Some design choices were needed in its implementation; for example in the translation of C types (such as choosing when to make a char * a String and when to make it an Object) and creating Java classes to match C structures. Another example was how to handle errno, using exceptions which return the errno value as well as the string name of the function, which provides nice output for debugging like "open failed: ENOENT (No such file or directory)". The group also provided OsConstants, which allows the Java code to look much like C.

He covered a number of other miscellaneous design choices made.
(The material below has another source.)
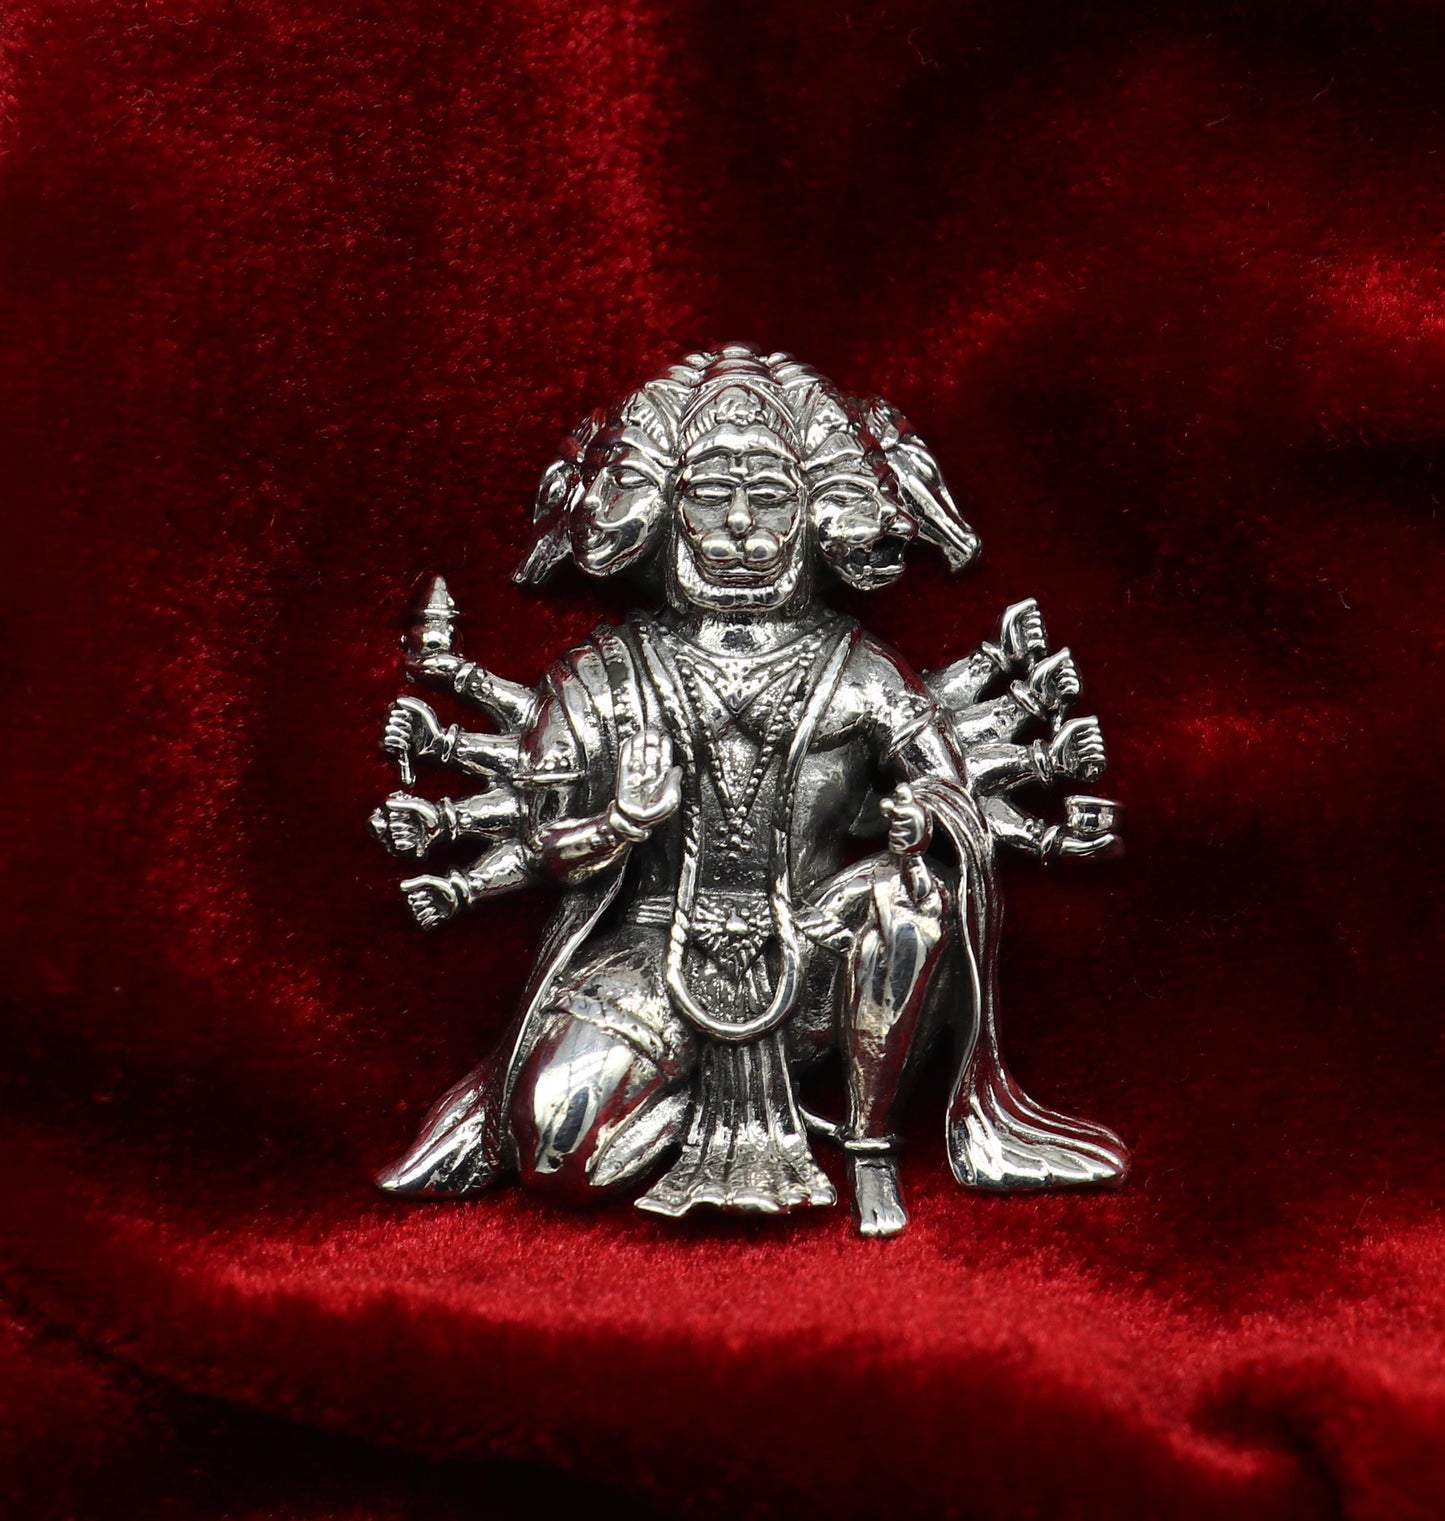 Pure 925 sterling silver handmade Hindu god Lord Panchmukhi Hanuman pendant, amazing designer fabulous pendant unisex gifting jewelry nsp449 - TRIBAL ORNAMENTS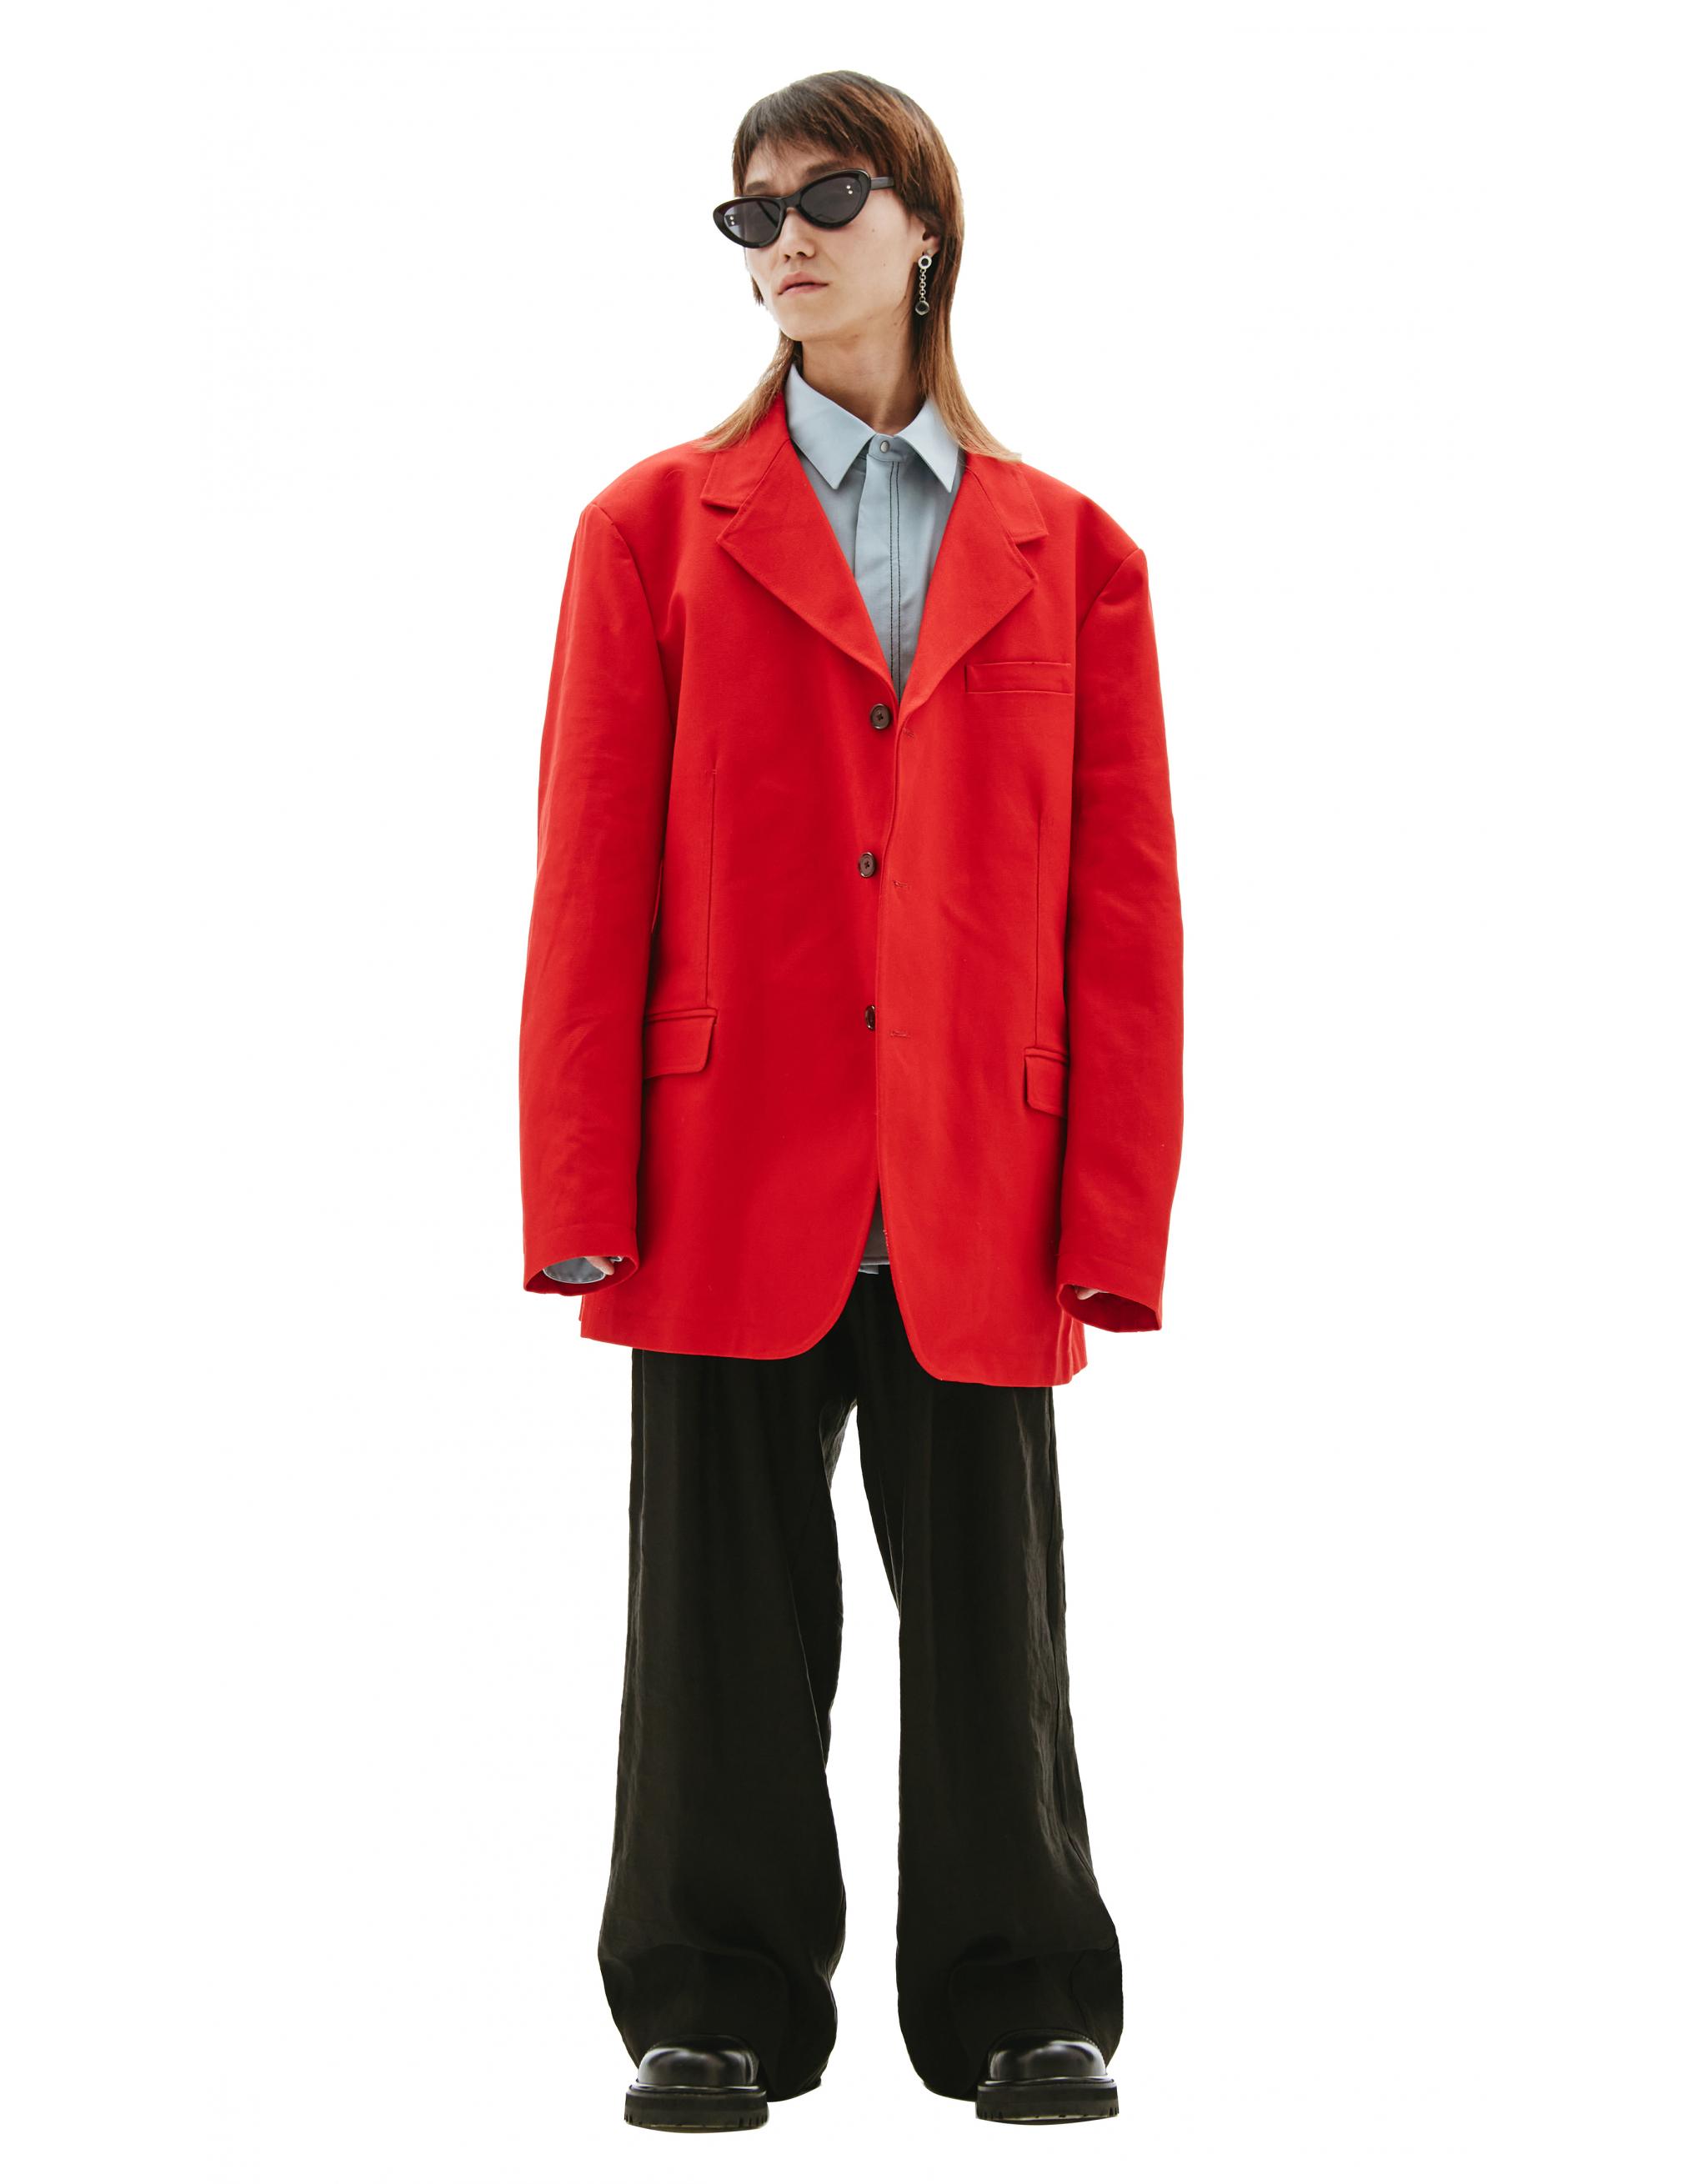 Raf Simons Red Oversize Jacket for Men - Lyst

For example, functions always return new structures rather than filling in existing ones, as it's safer and not that expensive. All of this functionality is used in areas like networking code for DHCP, or dup() and lseek() usage in media code, extended-attribute usage, etc. Elliott concluded by saying that, while this isn't a particularly new feature, he mostly wanted to use this talk to advertise it, as he thinks it will be useful.

Using Clang in AOSP

The last speaker of the day was Bernhard (Bero) Rosenkränzer from Linaro, speaking about the use of the LLVM Clang compiler in AOSP (slides [PDF]). Since the release of Nougat, Clang is now used instead of GCC to build Android's user space. This effort required mostly small changes like making the code stick closer to C standards, but there were some more difficult areas like variable-length arrays in structures and differing semantics in the definition of extern. Several real bugs were found and fixed thanks to Clang's extra warnings.

The performance of the system is unchanged, but build times are nicely reduced. GCC is now only used for the kernel and some older device HAL implementations. However, work to get the kernel building with Clang is also happening. Bero and others at Linaro have been working on getting the HiKey kernel building with Clang. That work is a little outdated and will be updated soon to 4.9. While some of the patches needed are on their way upstream, there are still quite a few bad hacks involved.

Bero went over a number of the issues they encountered and workarounds they needed in this project and pointed to a Docker image he developed to make it easy for folks to get the proper toolchain environment and kernel source to try it themselves. Currently, the system runs well, but there are a few odd bugs like crashes in Firefox. While Bero wasn't sure if there was much interest from Google in moving to Clang for the kernel, the Google developers in attendance did say there was interest, but they had been working on this in earnest for just a few weeks, and suggested they sync up and collaborate to avoid duplicate work.

Now that the Clang patches needed to build AOSP user space have been merged, Linaro is working to stay on top of the latest Clang. He outlined the testing efforts done to build AOSP master with the latest Clang snapshots using continuous integration. He pointed out some of the new warnings and errors that Clang 4.0 is producing and noted that, while they aren't seeing too many compiler bugs in testing development branches of Clang, there are the occasional issues that have to be reported. As for the future of GCC in AOSP: AOSP is using GCC 4.9 and Bero suspects that is not likely to change. However, Linaro continues to do testing building AOSP master with GCC 6.x releases; since different toolchains report different warnings, building with both can help uncover issues that one toolchain might miss. However, he worries that the Android build system might someday depend too strongly on Clang plugins, preventing this effort from being useful.

Conclusion

With that, after the microconference concluded, somehow on schedule despite the huge number of sessions. Many thanks to all the speakers and organizers for putting a great session together. Its really great to see all the participation between community members and Android developers. Its quite likely there will be another Android microconference at next year's Plumbers, which we look forward to.